• Prompt:
With pictures left out, copy exactly every line from the one containing "Sheared CH07-11 Bioanalyzer electropherogram" through the end of the material.

• Raw data:
BEGIN
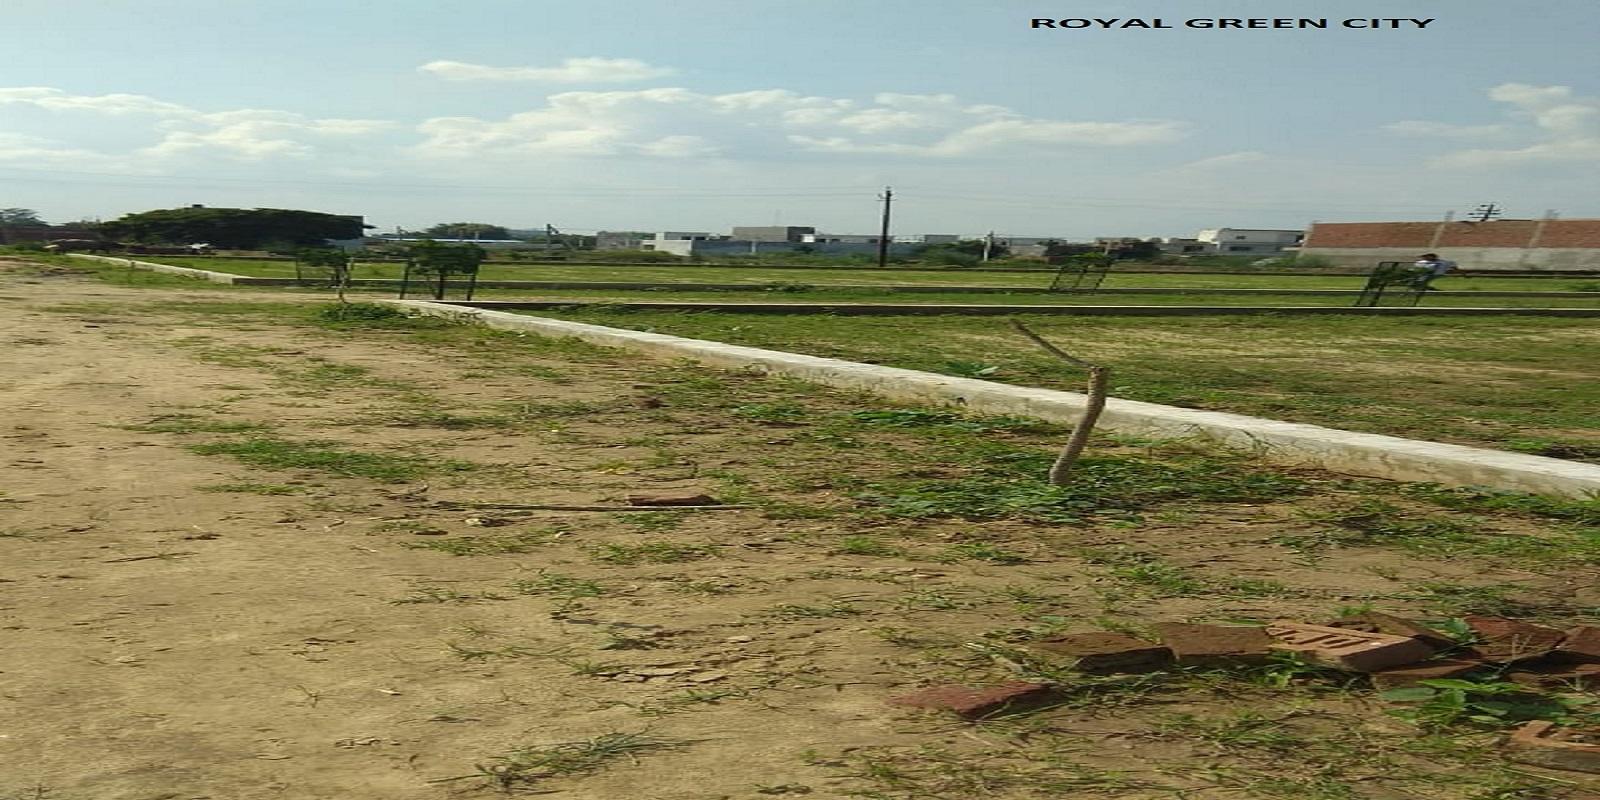 royal green city gomati nagar project project large image1
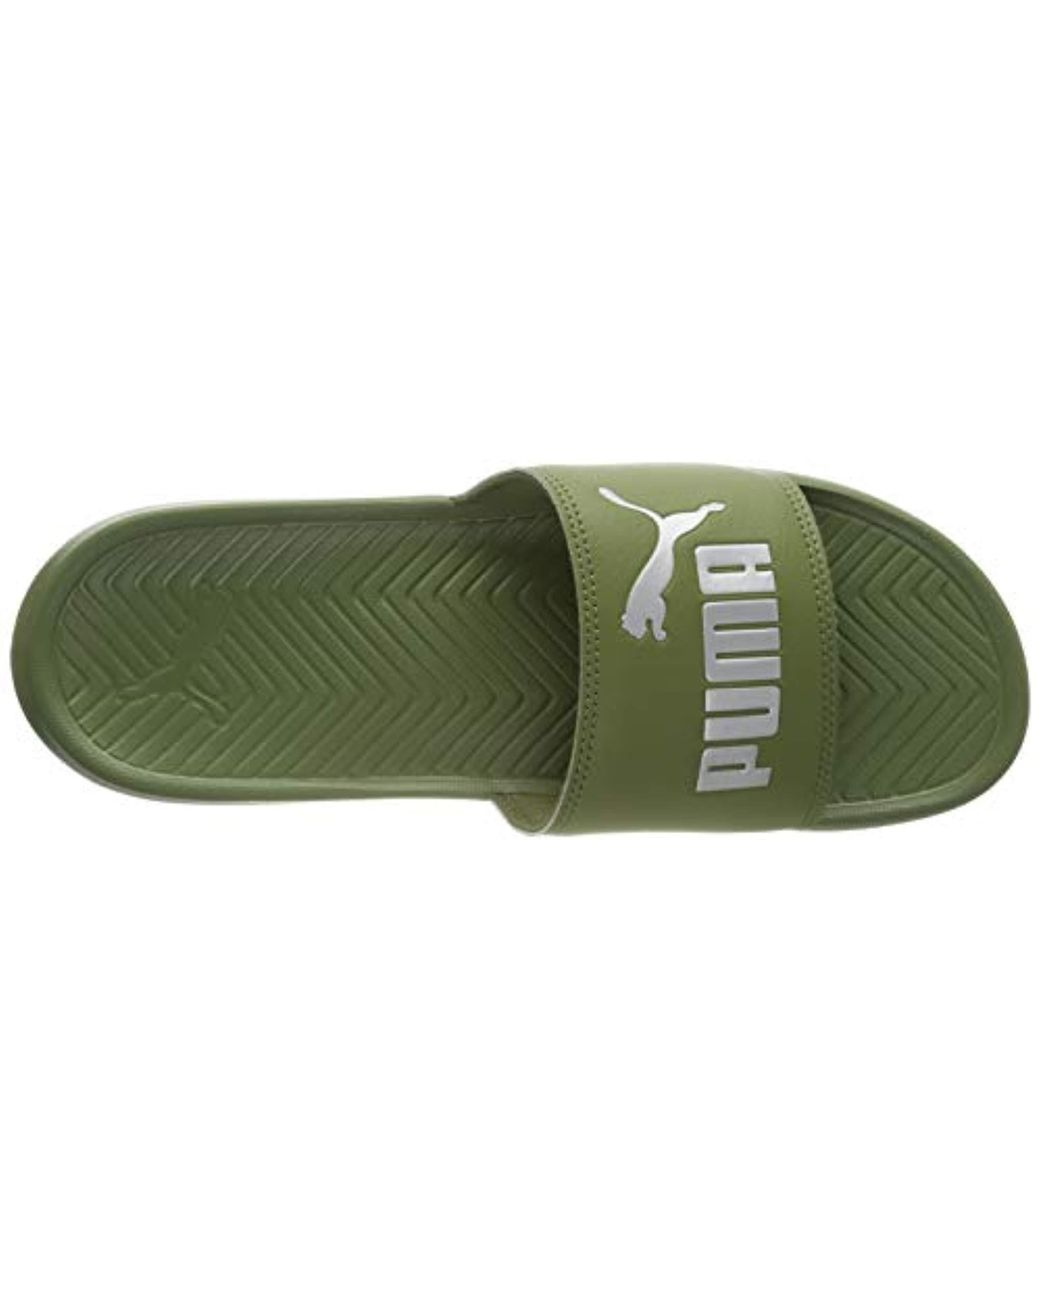 Puma Popcat Chaussures de Plage & Piscine Mixte adulte
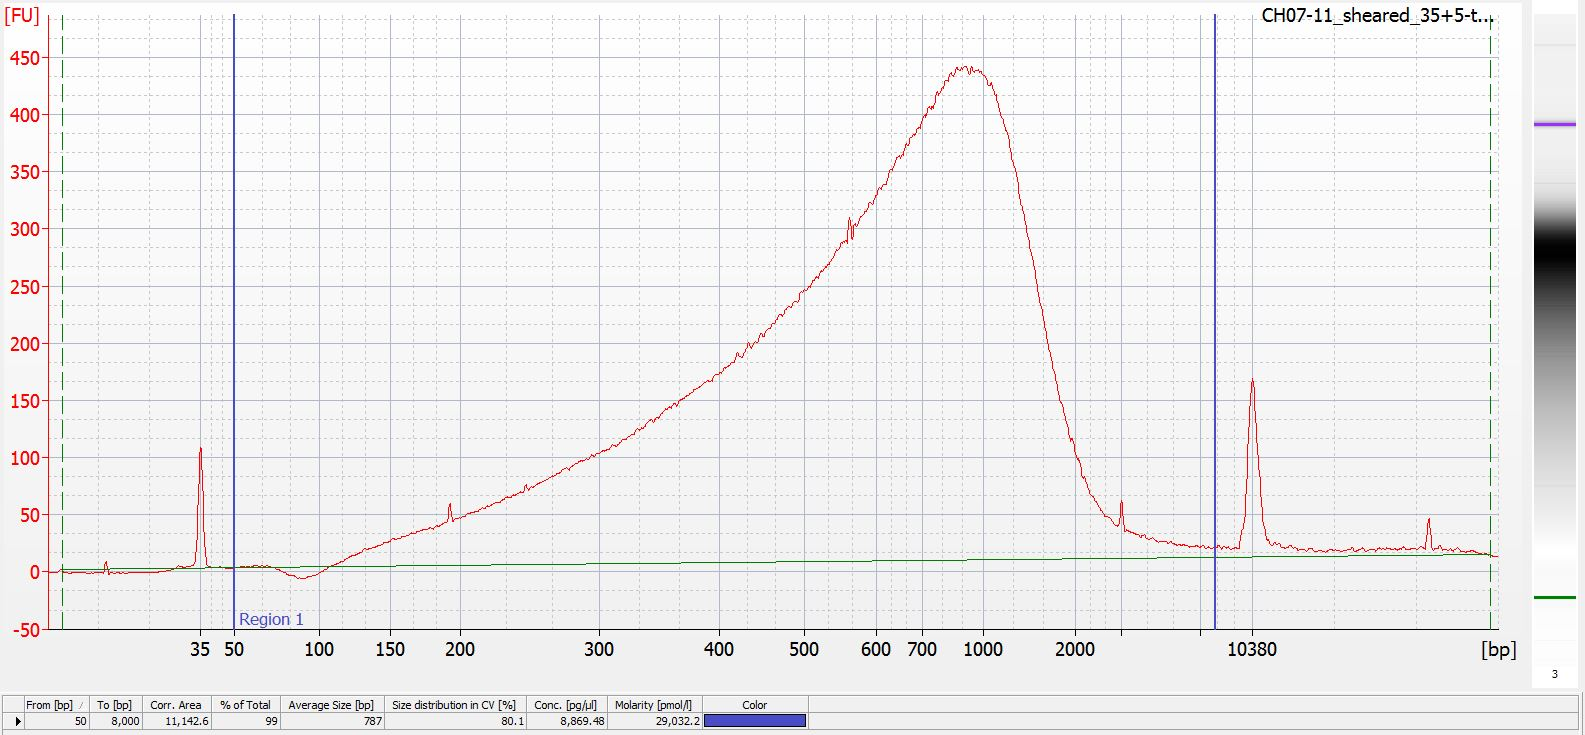 Sheared CH07-11 Bioanalyzer electropherogram
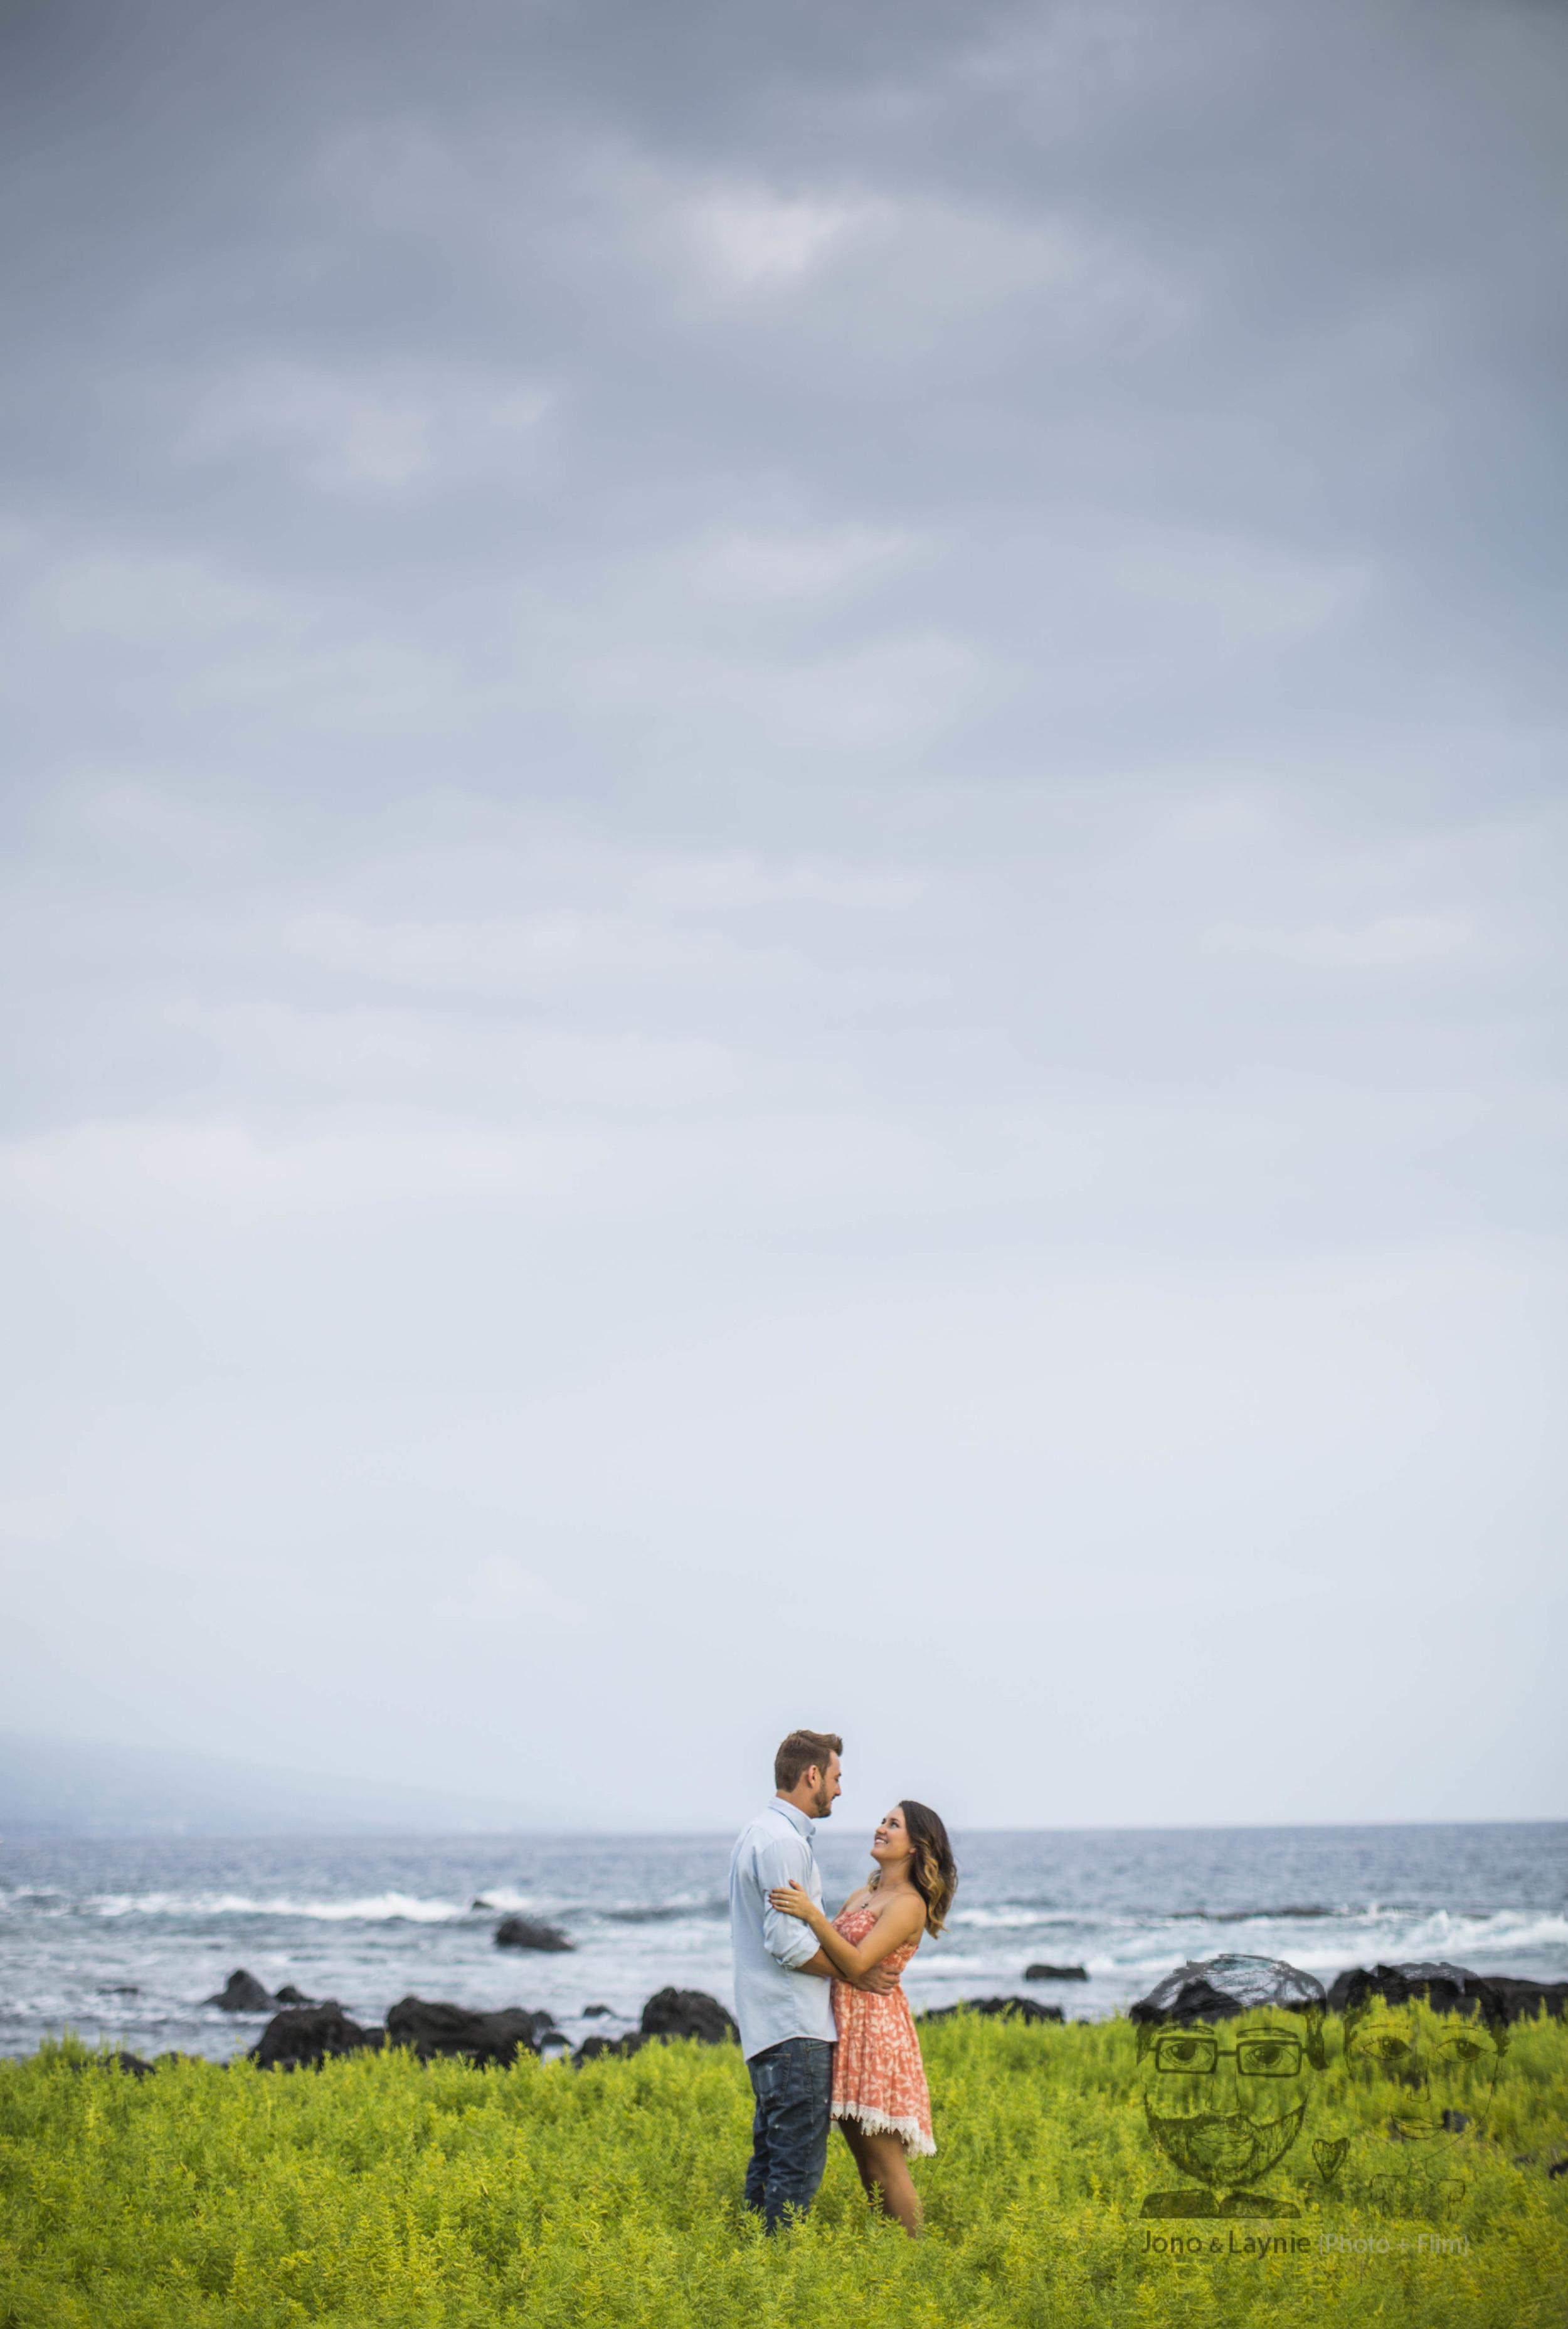 Jono & Laynie Co.-Kona, Hawaii-Engagement Session01.jpg
END
• Answer below:
 Sheared CH07-11 Bioanalyzer electropherogram
 Jono & Laynie Co.-Kona, Hawaii-Engagement Session01.jpg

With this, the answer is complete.